Garnish the top with a couple sprigs of cilantro.
And roll up by starting at the edge nearest you and helping tuck in the salad with your fingers as you roll. As soon as you’ve rolled it around the filling once, fold over both side edges and keep rolling, tucking in the sides as you go. The wrap sticks to itself, holding the salad roll tight.
Don’t worry if they’re not perfect. You’ll get better with each one you make.
Slice them in half diagonally, and serve with the little bowls of dipping sauce.
For the protein in these rolls, try thawed, frozen precooked shrimp. You can cut them in half lengthwise and lay them on the wrapper first so they show through, or tuck them in the middle. Or use leftover cooked chicken or roast beef cut in strips, or strips of extra-firm tofu, or wedges of hard-boiled eggs. You could even use chunks of canned salmon, or leftover bits of other types of fish or leftover salmon from the night before.

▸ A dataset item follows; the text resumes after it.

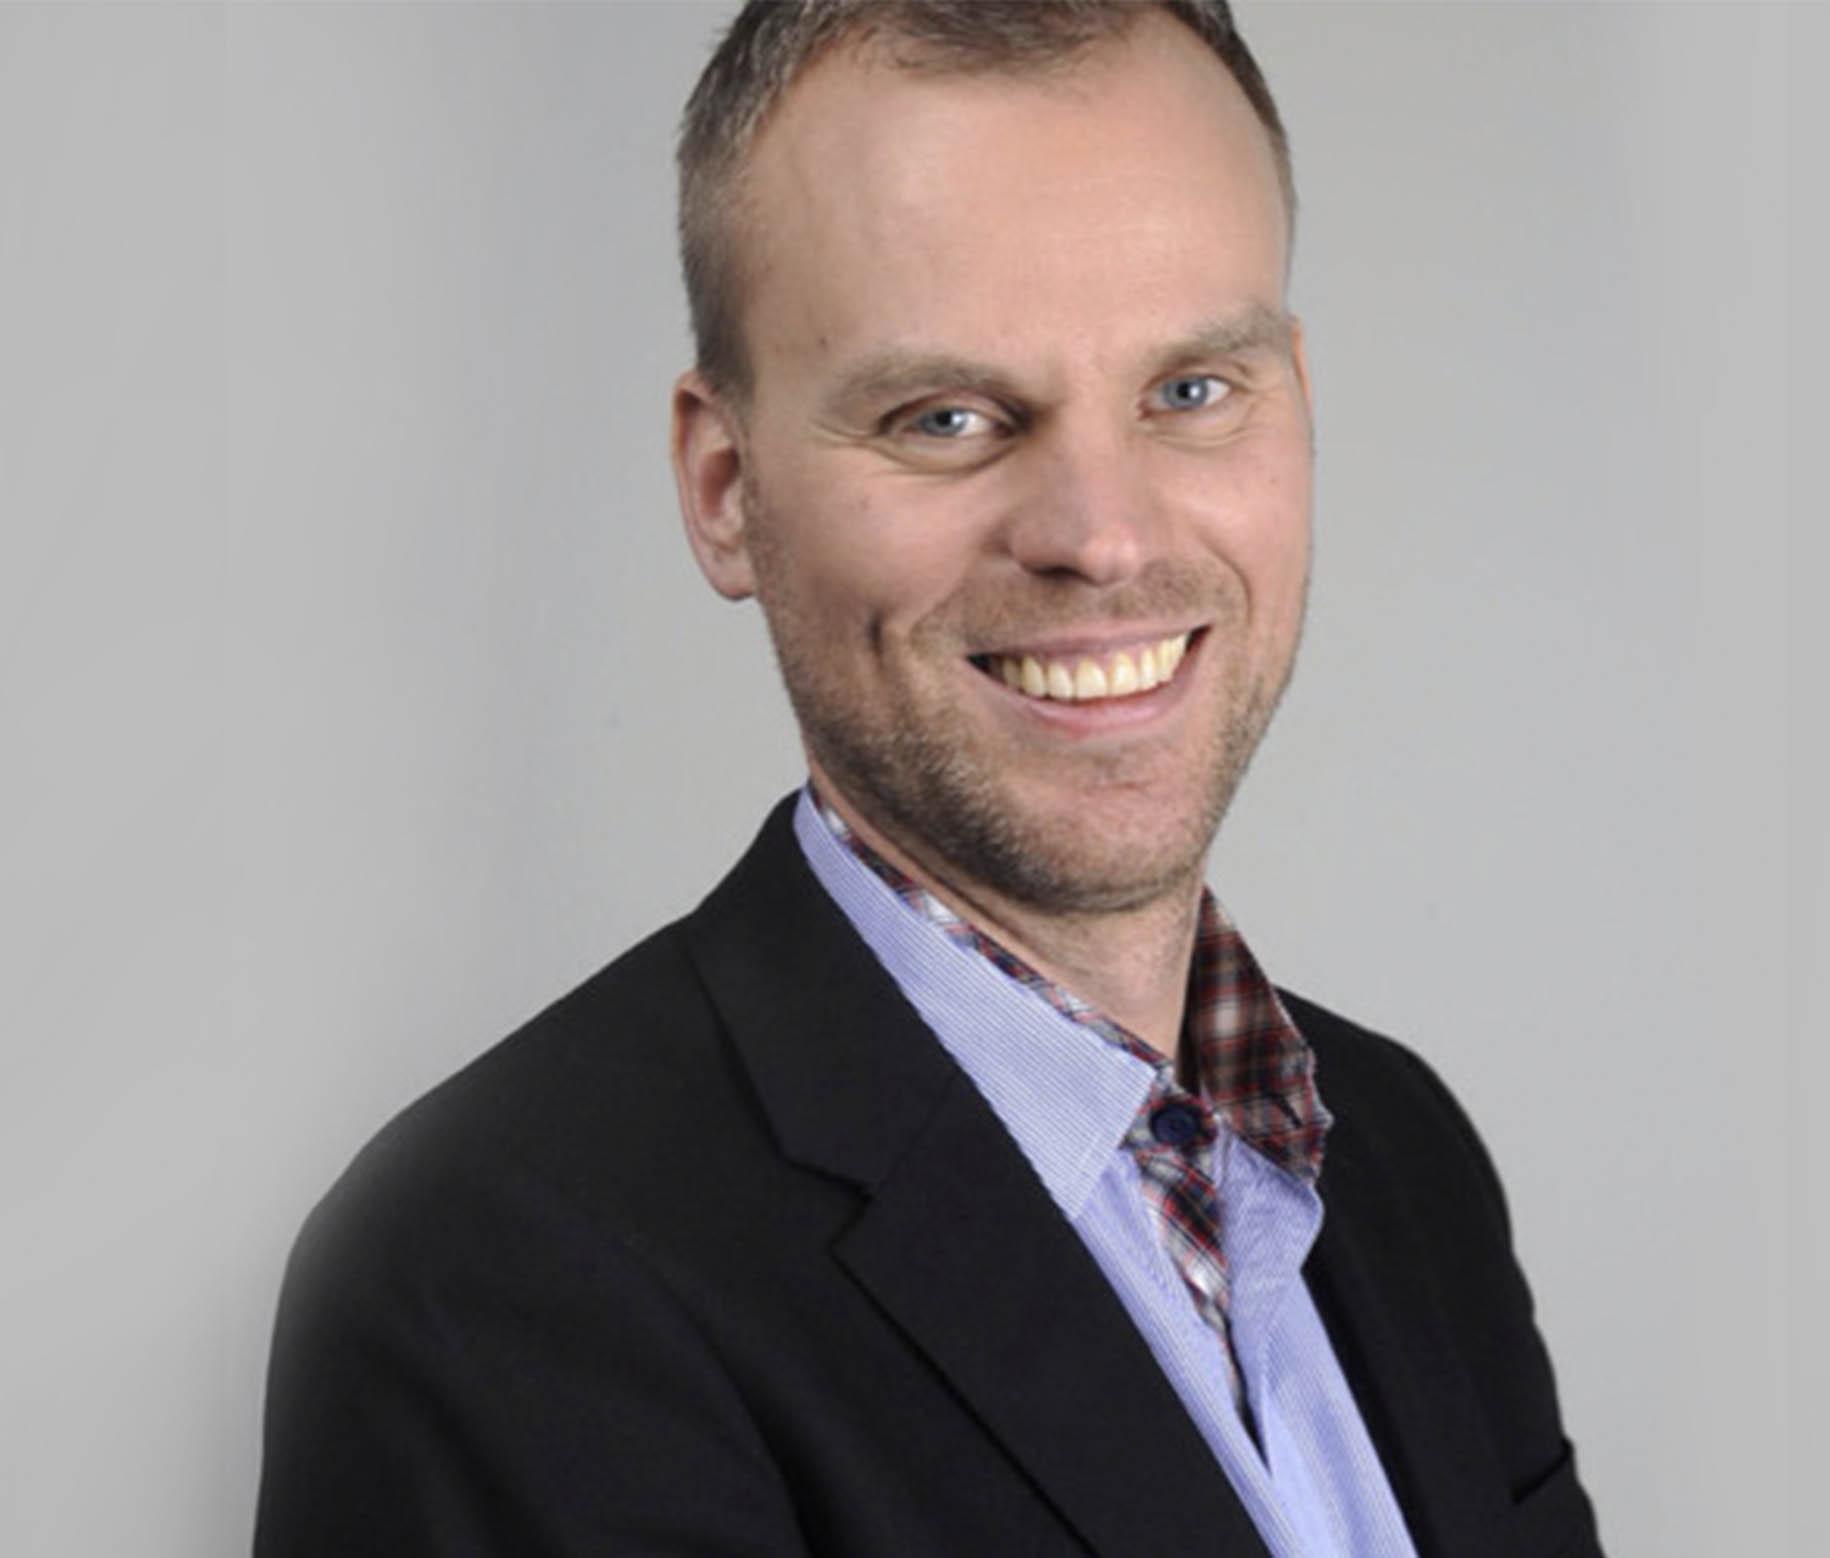 Fredrik Österström

For the veggies, you could use other greens – lettuce or arugula. Julienned sticks of celery, or shredded radishes, strips of sweet peppers, cooked beets, or avocado. Try canned baby corns cut into long strips, or canned water chestnut slices . . . maybe some finely shredded cabbage, or Napa cabbage. Snow peas or snap peas. Fresh bean sprouts, or finer types of sprouts would be divine. Use different herbs, like basil, parsley or dill.
You could even add a few strands of cooked rice noodles or spoonfuls of cooked rice or quinoa or other grain. Try adding a few chopped peanuts or other nuts or seeds, too.
For the drizzling sauce, substitute yogurt or Greek yogurt for some or all of the mayonnaise. Or just use bottled ranch dressing or another creamy dressing instead.
For the dipping sauce, use plain soy sauce, or soy sauce mixed with a blob of wasabi paste. Or use a bottled Thai sweet chili sauce or a bottled or homemade peanut sauce. Or any other sauce that tickles your fancy.